INSTRUCTIONS FOR THE TASK: I need the lines below from the one with "Nike Ncaa Kentucky" down to the one with "The Indian Space" reproduced exactly, both ends included, and nothing else.

RECORDS SHOWN:

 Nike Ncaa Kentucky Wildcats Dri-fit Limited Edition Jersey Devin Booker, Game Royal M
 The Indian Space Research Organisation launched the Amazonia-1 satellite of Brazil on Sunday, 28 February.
--
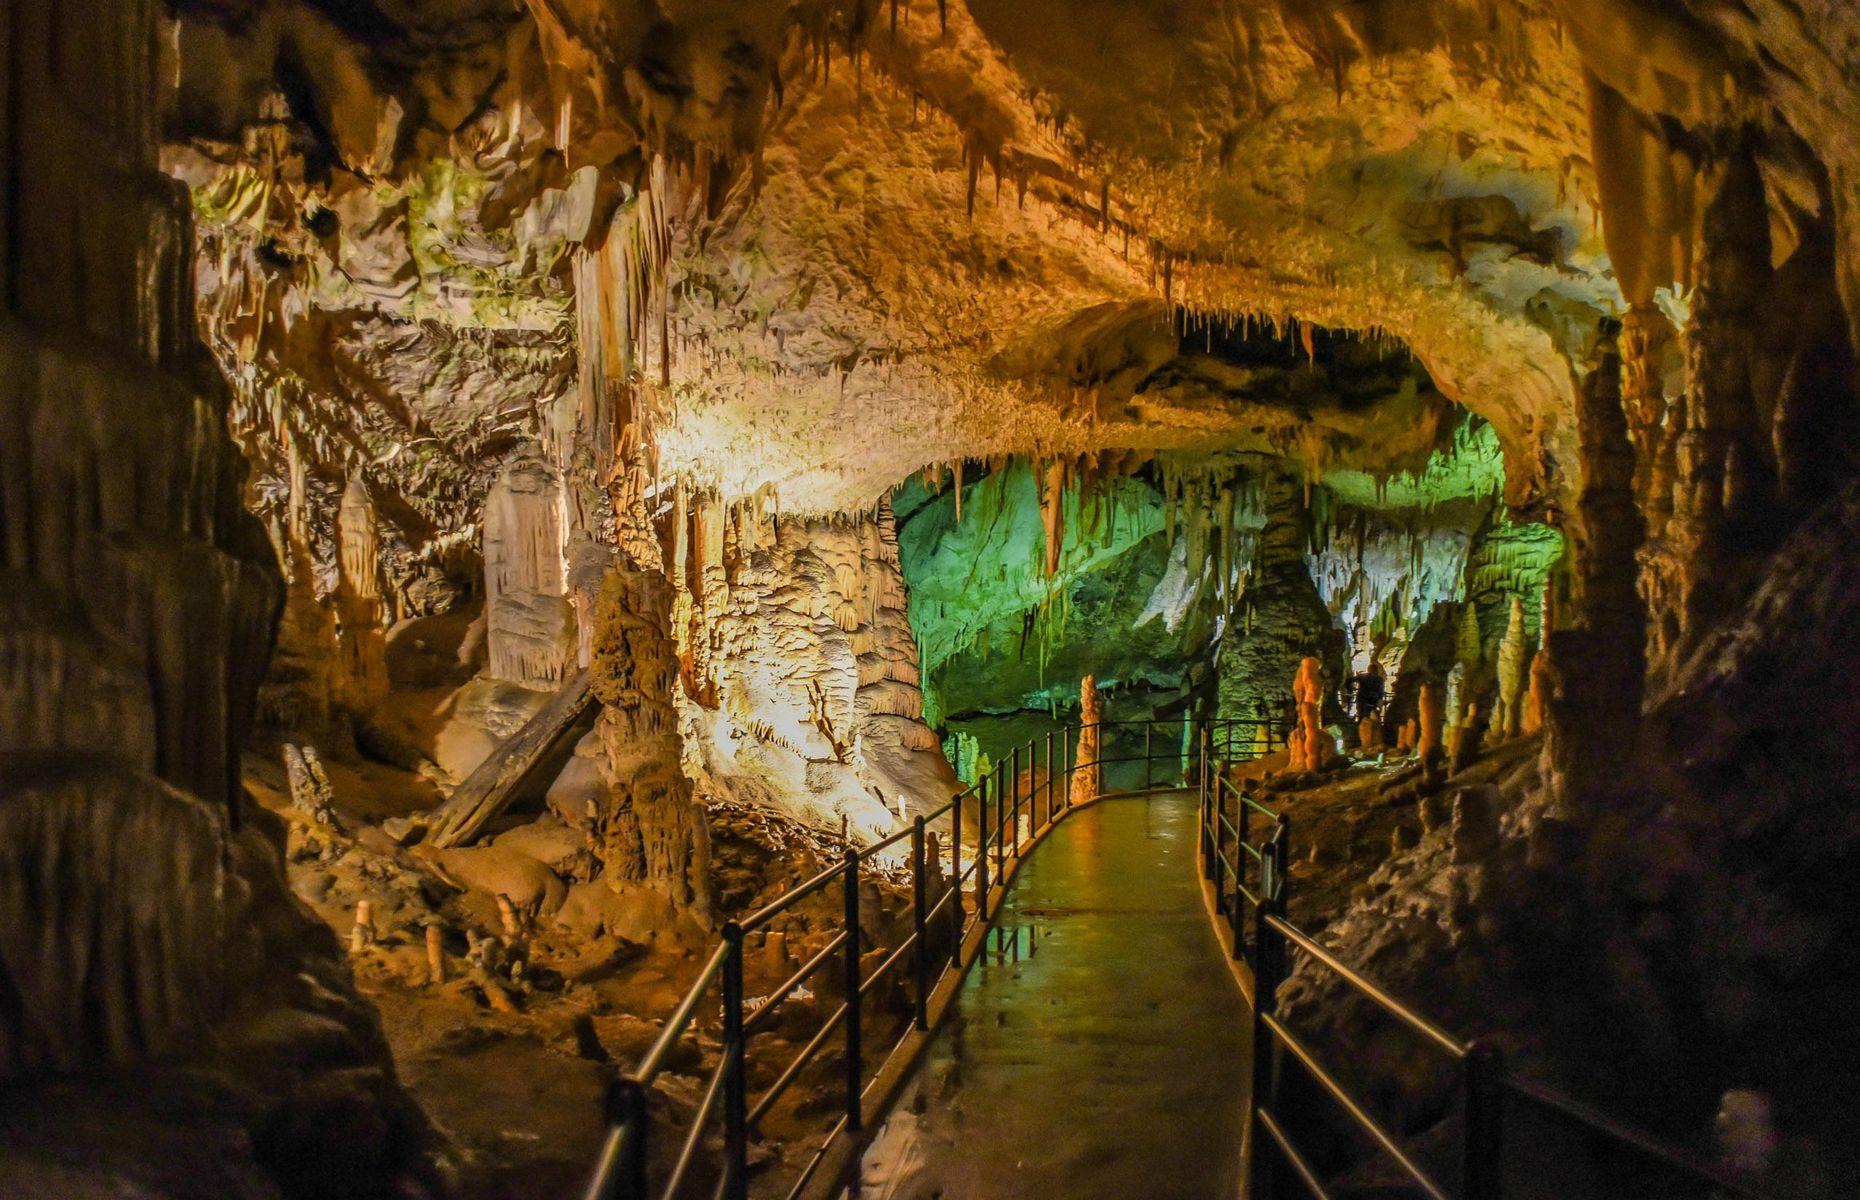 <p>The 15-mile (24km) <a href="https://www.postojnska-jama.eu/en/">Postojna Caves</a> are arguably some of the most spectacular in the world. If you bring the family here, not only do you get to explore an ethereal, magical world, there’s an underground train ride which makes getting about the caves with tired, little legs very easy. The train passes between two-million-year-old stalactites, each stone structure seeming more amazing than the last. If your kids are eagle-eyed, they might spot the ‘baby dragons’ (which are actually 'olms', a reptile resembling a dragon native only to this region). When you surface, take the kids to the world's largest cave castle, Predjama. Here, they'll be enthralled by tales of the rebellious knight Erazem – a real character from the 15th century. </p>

WRITTEN SOLUTION:
 Nike Ncaa Kentucky Wildcats Dri-fit Limited Edition Jersey Devin Booker, Game Royal M
 The Indian Space Research Organisation launched the Amazonia-1 satellite of Brazil on Sunday, 28 February.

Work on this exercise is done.